For me, there is something magical about the place. A mix, I guess, of the island, the house and its setting, and spending time with people I love.

And, of course, you can also get great seafood there. We bought some live lobsters from a fisherman, and he threw in a bag of crab claws and some velvet crabs for free. Earlier on we had bought some scallops from a little processing plant set up in what I think used to be Port Ellen's schoolhouse, and I also had some magnificent oysters at the Islay Fair.



The scallops were great (and about half the price of what I would normally pay), although the scene was a bit 21st-century Dickensian: a large worksurface surrounded by half a dozen eastern Europeans shucking away frantically. The sort of thing which makes me thankful to have landed myself the relatively cushy job of being a translator.

We took the meat out of the crab claws and Angus used it to make crab linguini. The lobsters were boiled then grilled and eaten with some homemade mayonnaise, the scallops were pan-fried with a bit of garlic, and the velvet crabs were just boiled and eaten plain.





There's not a lot of meat in the velvet crabs, but if you approach them as a large prawn rather than a small crab then you shouldn't be disappointed. (I searched the web for recipes, but mostly came across long and complicated procedures for making velvet crab bisque - crema de nécoras in Spanish - which involved moulis and muslin sieves.)

To dye for
In Britain there's a tendency to think of the work done retrieving meat from shellfish as an inconvenience which may or may not be justified by the prize at the end. In Spain, there are lots of snacky seafoods which involve quite a bit of cracking, biting, poking or sucking. These include crab claws (bocas), winkles (burgaillos) eaten with a pin, and cañaillas, a type of sea snail whose shell ends in a long spike, which provides a handly implement for removing the flesh. (An example of evolution backfiring, if ever there was one!) The scientific name is bolinus brandaris, but their common name in English is spiny dye murex, because their mucus was extracted and used by the Phoenicians to produce Tyrian purple. The dye was one of the ancient and medieval world's most expensive commodities and was used to dye the togas of triumphant generals and of emperors in Ancient Rome. Production eventually ceased with the fall of the Byzantine Empire (1453) and was replaced with vegetable and then modern chemical dyes.

Monday, June 23, 2008

Roasted garlic puree

One slightly frustrating feature of food shopping in Spain is the way many products are treated as commodities. While a British supermarket allows you to choose coffee on the basis of country of origin, strength of roast, fineness of grounds and quality, the Spanish equivalent gives you a choice of three or four almost identical brands, and the only other choice is decaff or normal.
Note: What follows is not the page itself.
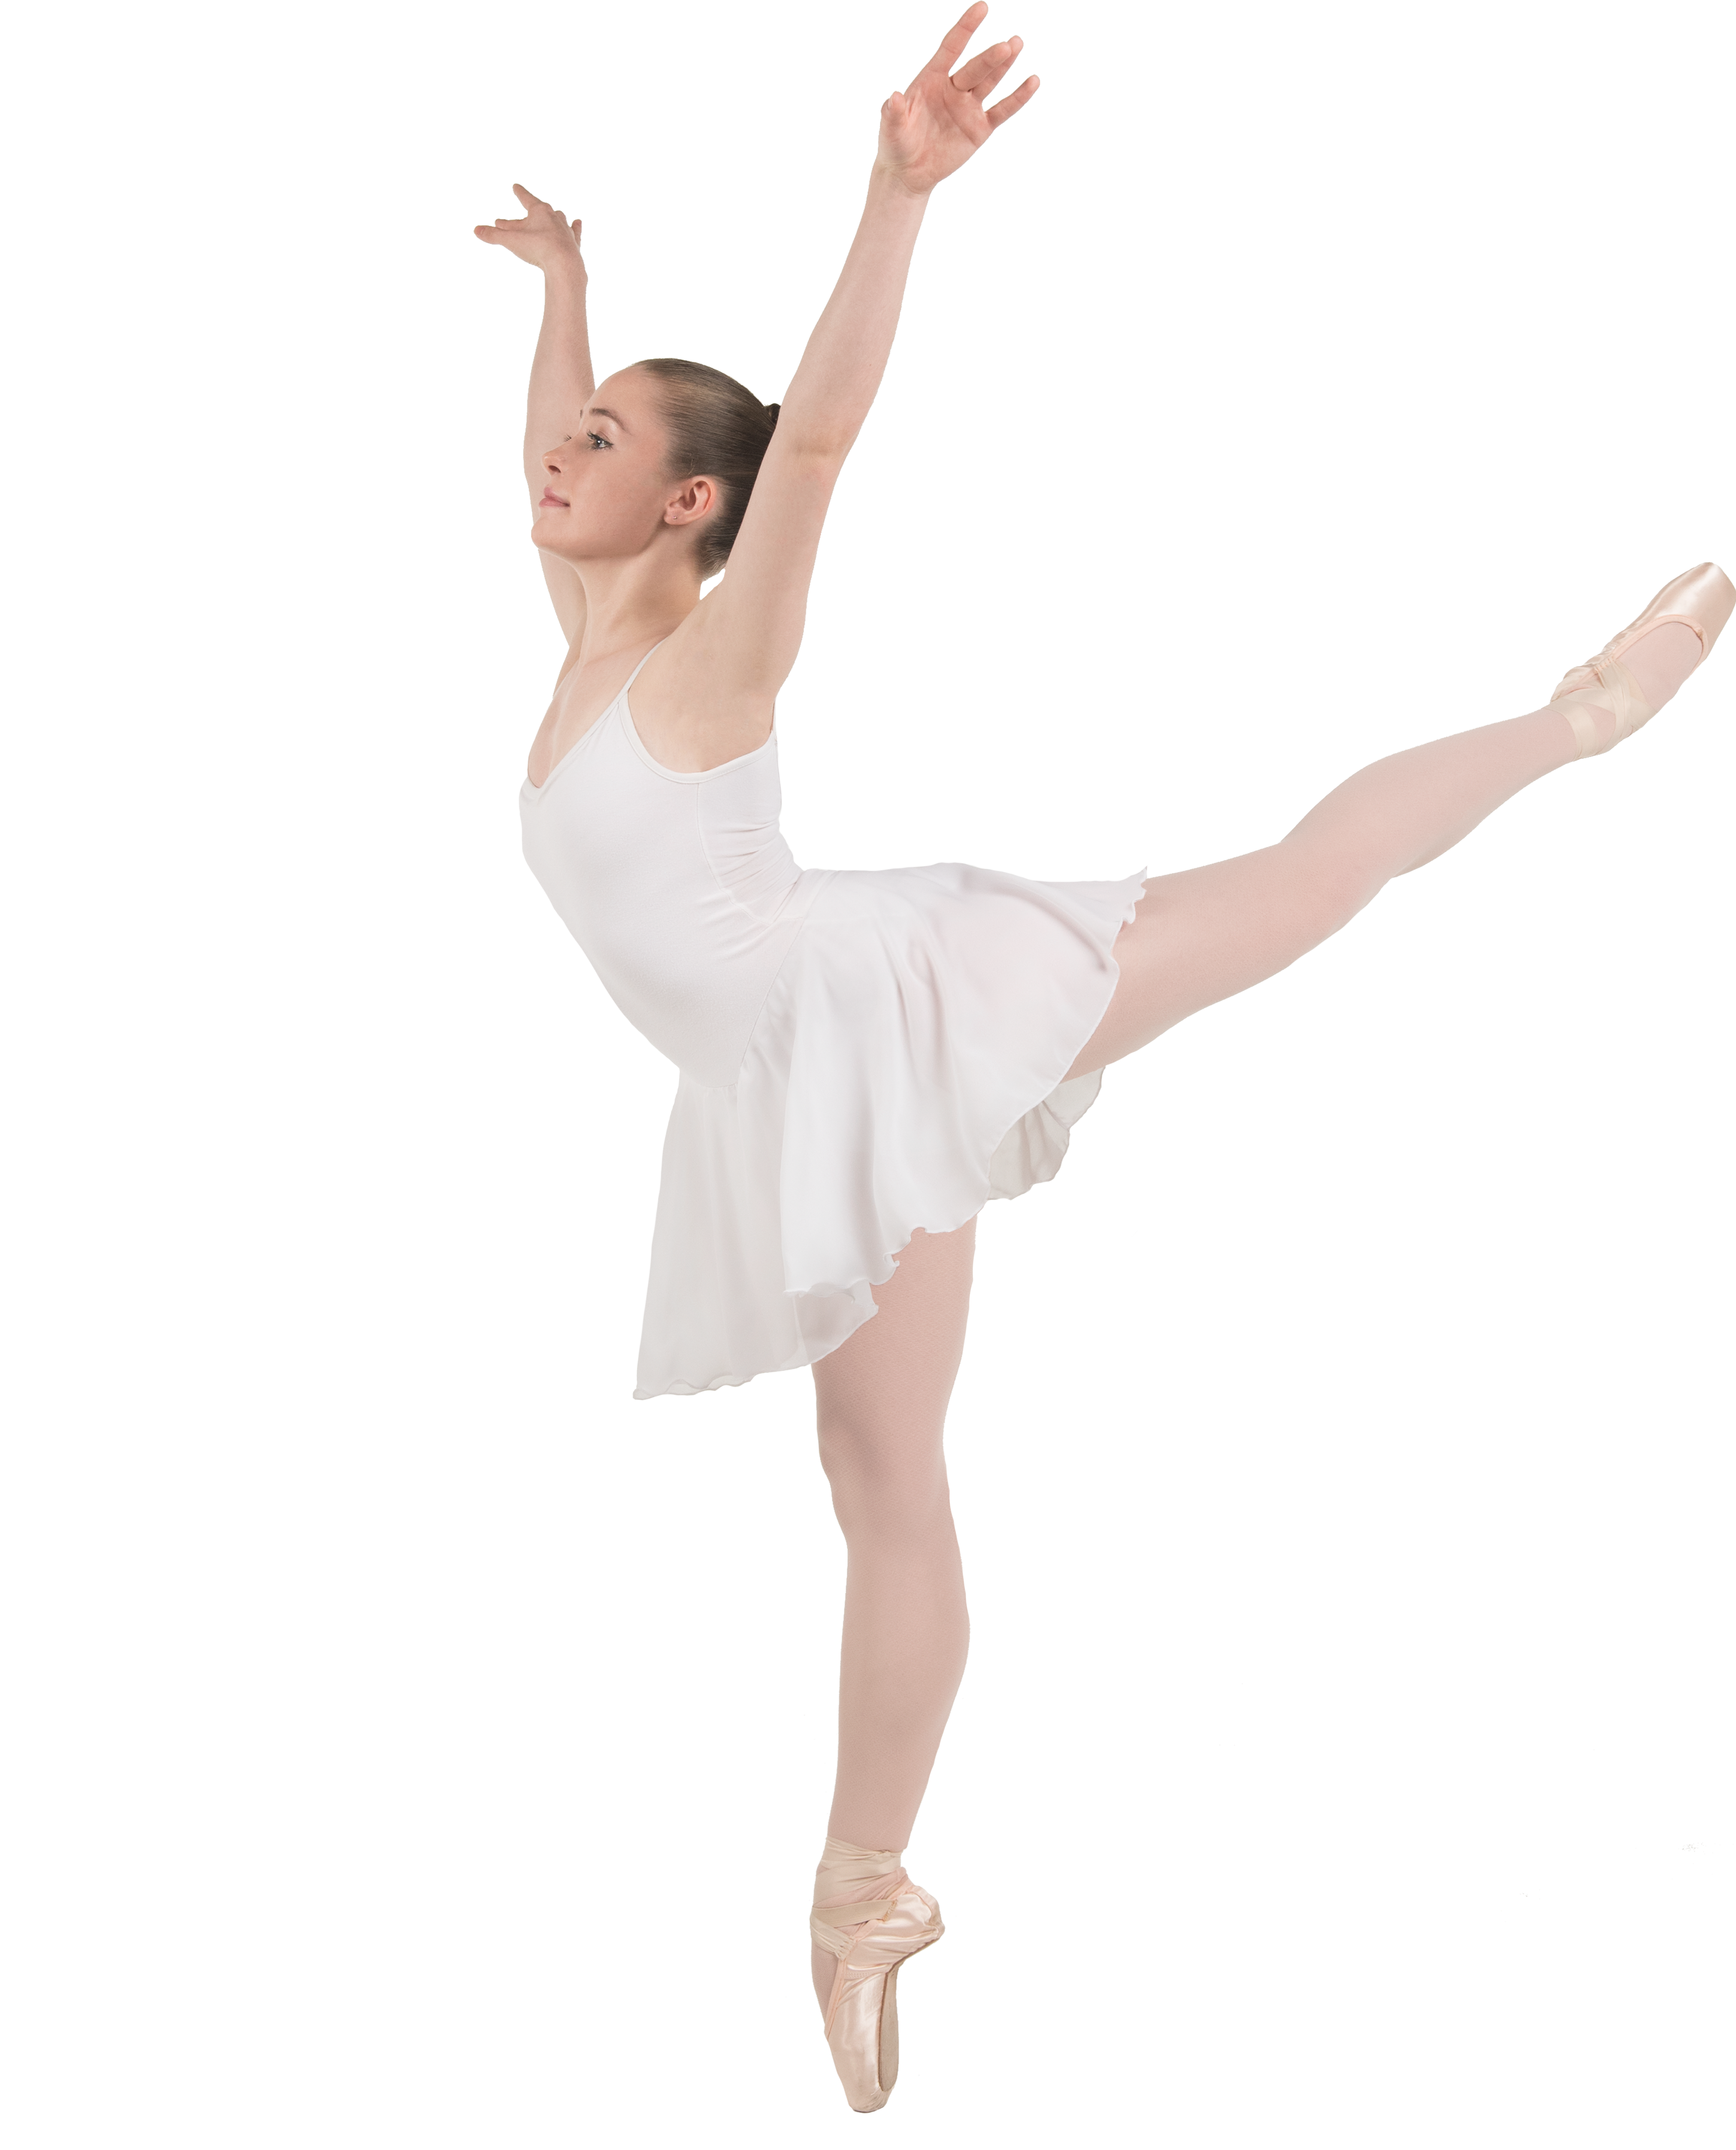 Giselle, Royal Ballet - 2014 revoew
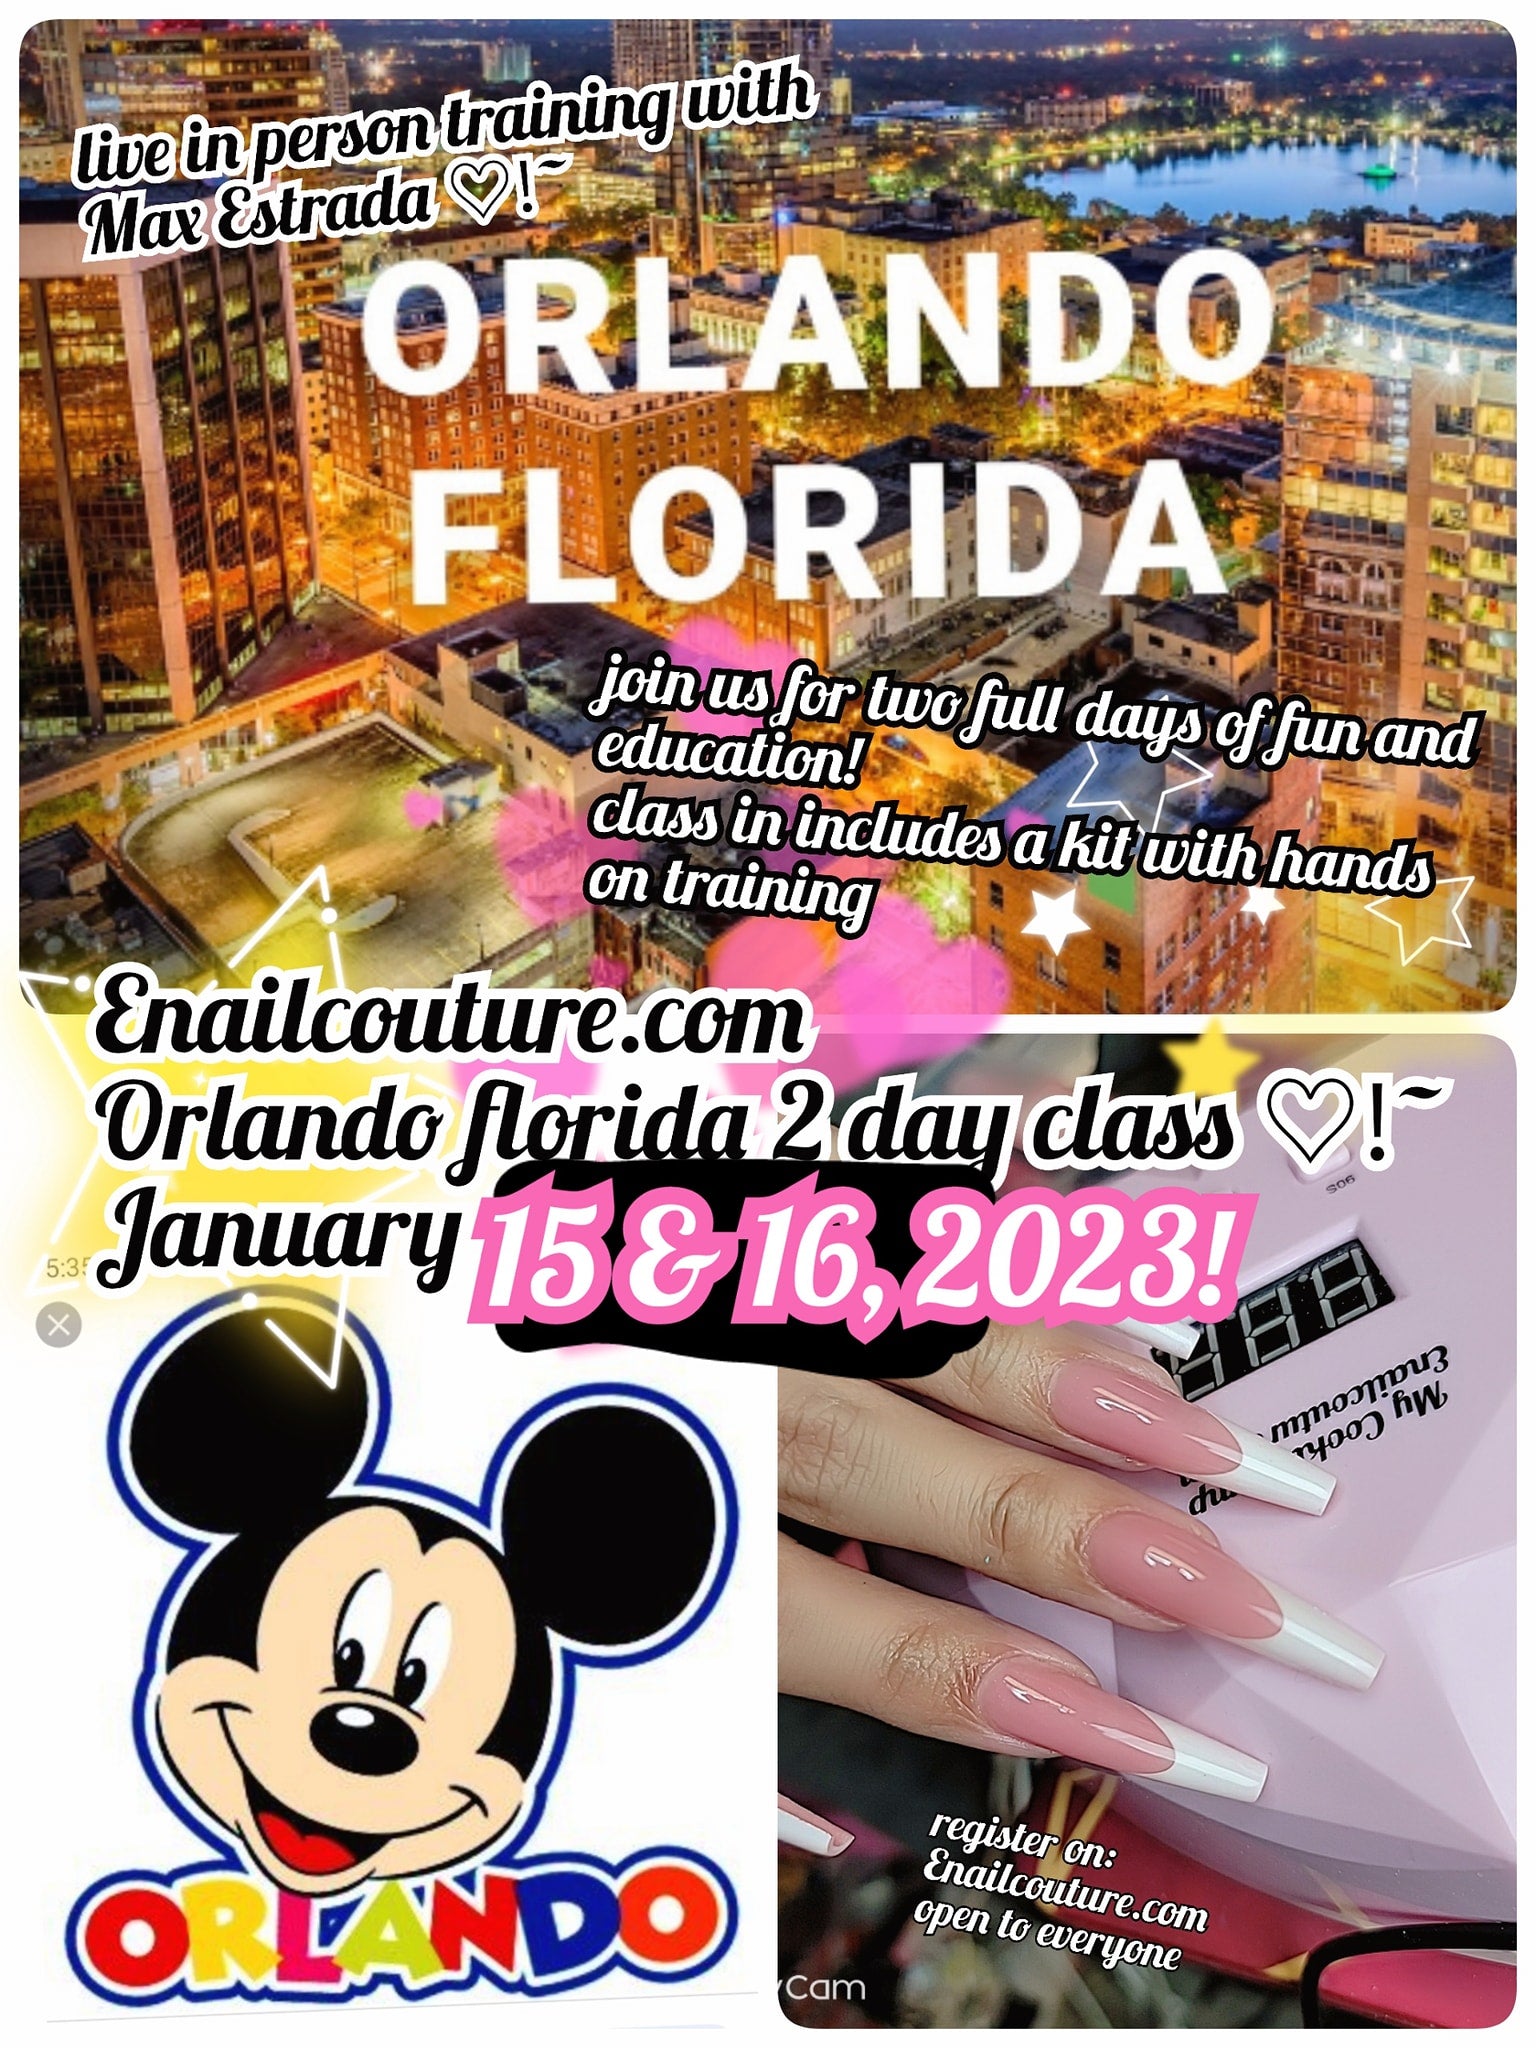 Orlando Florida 2 day nail art festival class !~ January 15&16, 2023 |  enailcouture

This is true even of garlic. In Edinburgh, I can choose between ‘normal’ garlic, smoked garlic, top grade Highland garlic (or its Patagonian replacement during the winter), jars of crushed and chopped garlic and tubes of garlic puree. In Cadiz there is just garlic, and the occasional appearance of fresh garlic in the spring.

I don’t always feel like peeling and chopping garlic, particularly if I’m making something quick, and that's where ready-crushed garlic comes in handy. The method below is a great way of producing homemade garlic puree. It also has the advantage of being much milder than the raw version, so I prefer to use it in dips and other dishes where the garlic isn’t going to be cooked any further. Once you've cooked the garlic, it will keep for a few days in the fridge, and you can just squeeze it straight into your cooking.

Ingredients4 heads of garlic
salt
4 bay leaves
olive oil

Method

  1. Drizzle the heads of garlic olive oil, sprinkle with salt, wrap in tinfoil with the bay leaves, and roast in a hot oven for 45 minutes or so.
  2. Remove the tinfoil parcel from the oven, allow to cool, cut each head of garlic in half, and squeeze out the roast garlic into a small bowl.
  3. Mix with a little salt and some more olive oil, and store in a jar in the fridge.


You obviously don’t want to turn the oven on just for this, so the best thing to do is bung some garlic in the oven when you are already baking something else.